TextSAM-EUS is presented as the first attempt to incorporate prompt learning in SAM-based medical image segmentation (Spiegler et al., 24 Jul 2025). Within the broader space of text-guided SAM variants, its defining feature is that biomedical text embeddings are learned through context optimization and then mapped into SAM’s prompt-token space, rather than being used only as external metadata or as an indirect route to point or box generation.

This distinguishes it from CC-SAM, a SAM-based ultrasound segmentation framework that uses GPT-4-generated text descriptions, Med-BERT, and Grounding DINO so that text is converted into a bounding-box prompt for SAM’s prompt encoder. CC-SAM reports that text prompts outperform point-based prompting in ultrasound segmentation, but its text prompting is explicitly described as text-to-box prompting rather than direct native text conditioning inside SAM (Gowda et al., 2024). It also distinguishes TextSAM-EUS from SAM-PTx, which injects frozen CLIP-derived class-name embeddings into SAM’s image encoder through a Parallel-Text adapter, with text conditioning applied only to the MLP-parallel branch while preserving the attention pathway for spatial reasoning (Jalilian et al., 31 Jul 2025).

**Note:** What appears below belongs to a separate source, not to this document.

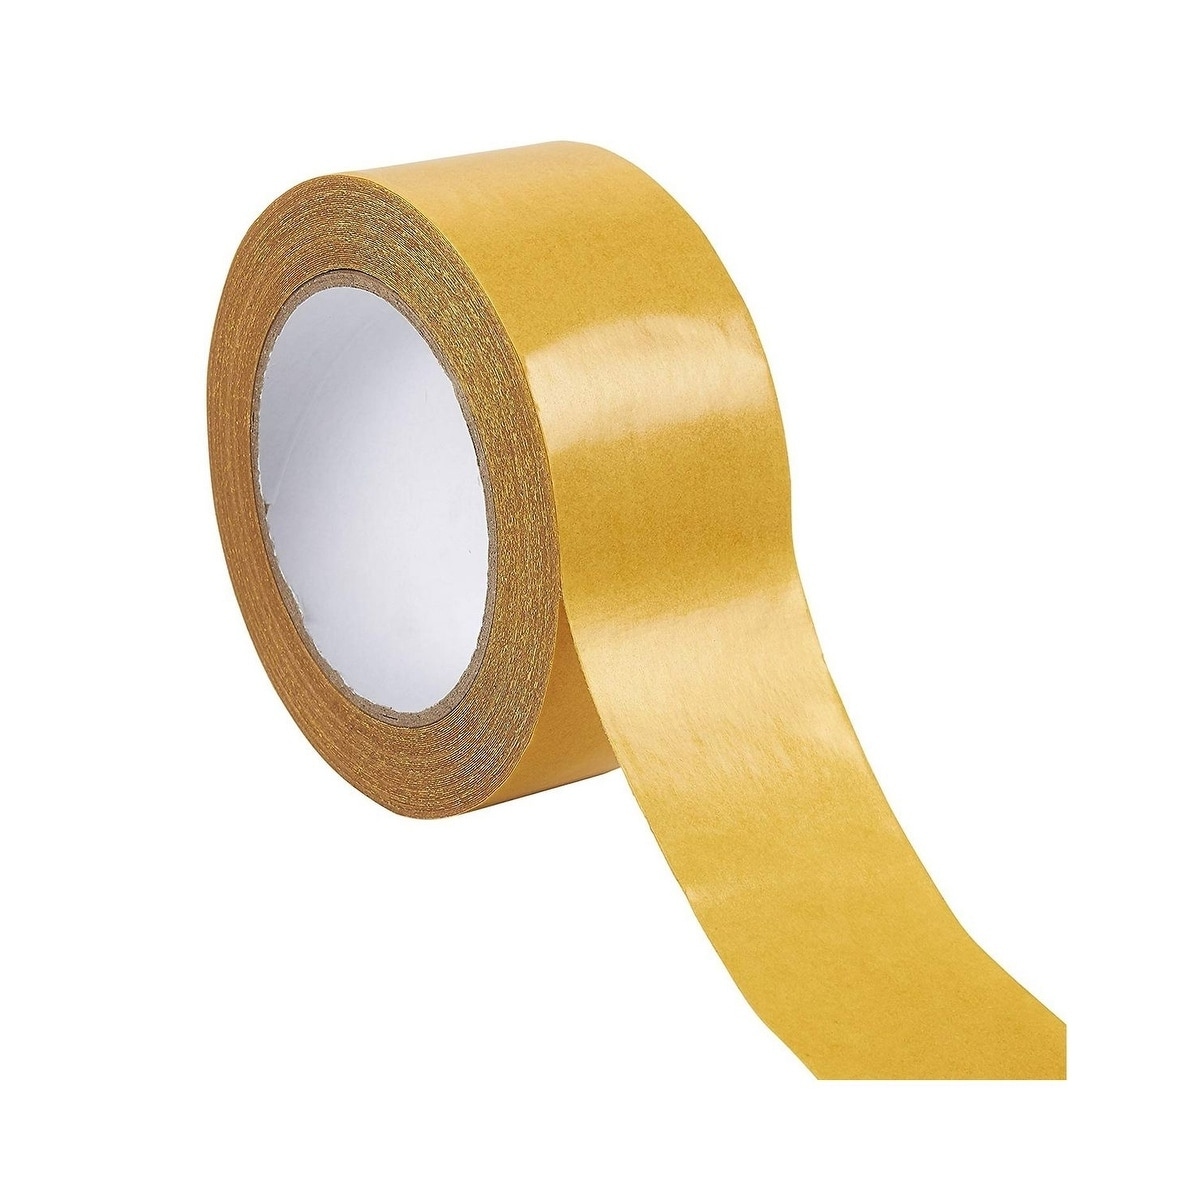 https://ak1.ostkcdn.com/images/products/28753558/Heavy-Duty-Double-Sided-Tape-for-Fabric-Anti-Skid-Carpet-Tape-for-Area-Rugs-4219f86c-2edb-4b5f-b491-ab4d40d304e8.jpg
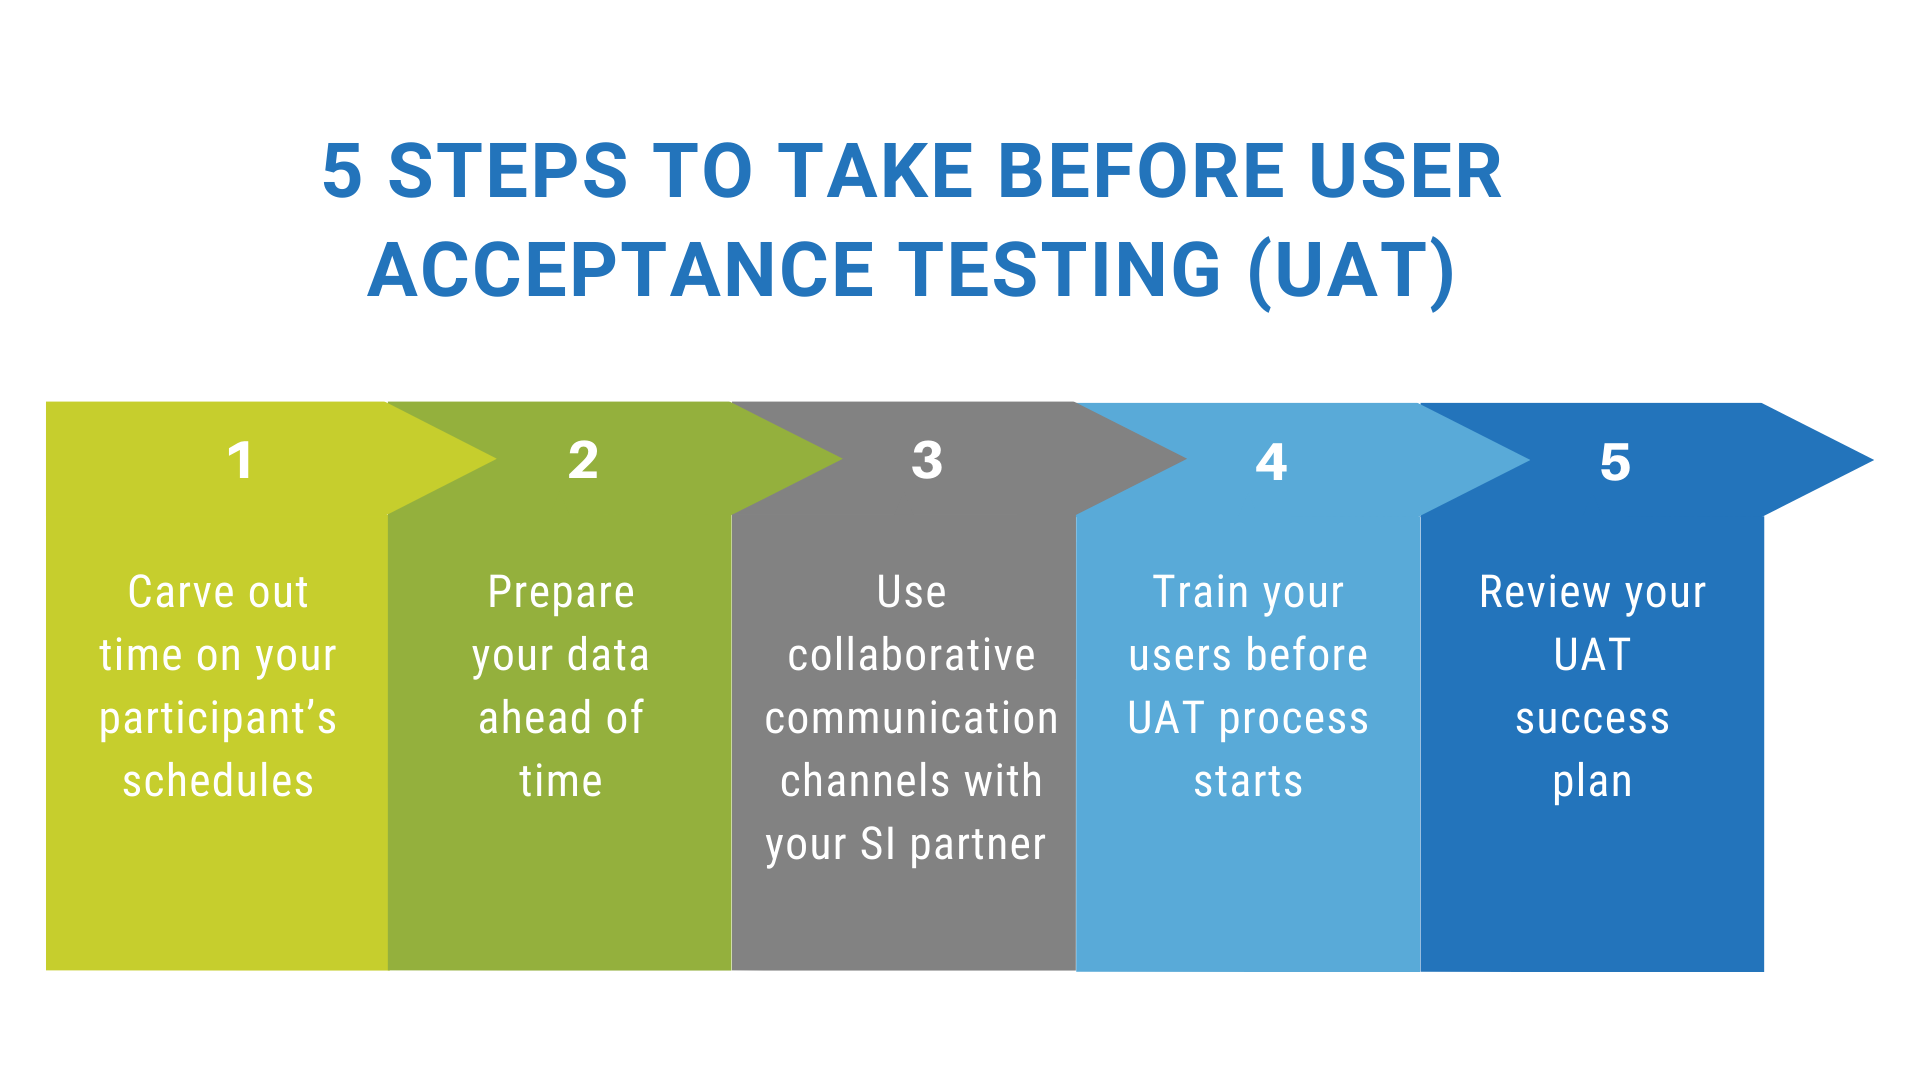 5 Steps to Take Before User Acceptance Testing (UAT)

These comparisons clarify the method’s niche. Relative to standard SAM, TextSAM-EUS replaces manual geometric interaction with biomedical semantic prompting and low-rank domain adaptation. Relative to other medical SAM variants such as MedSAM, AutoSAM, AutoSAMUS, SAMed, and SPFS-SAM, it adds an explicit learned text prior. Relative to CC-SAM and SAM-PTx, it occupies a distinct design point: text prompt learning with BiomedCLIP, prompt-space alignment for SAM, and automatic geometric refinement specialized for pancreatic tumor EUS (Spiegler et al., 24 Jul 2025).

The paper also states several limitations: evaluation on a single dataset, only 18 patients, and binary tumor segmentation rather than multi-class segmentation. Future work is described in terms of multi-class segmentation, broader biomedical applications, and further prompt-design improvements (Spiegler et al., 24 Jul 2025). This suggests that the current contribution is best understood as a domain-specific proof of principle for semantically conditioned, parameter-efficient SAM adaptation in a difficult ultrasound setting, rather than a general solution for all medical segmentation tasks.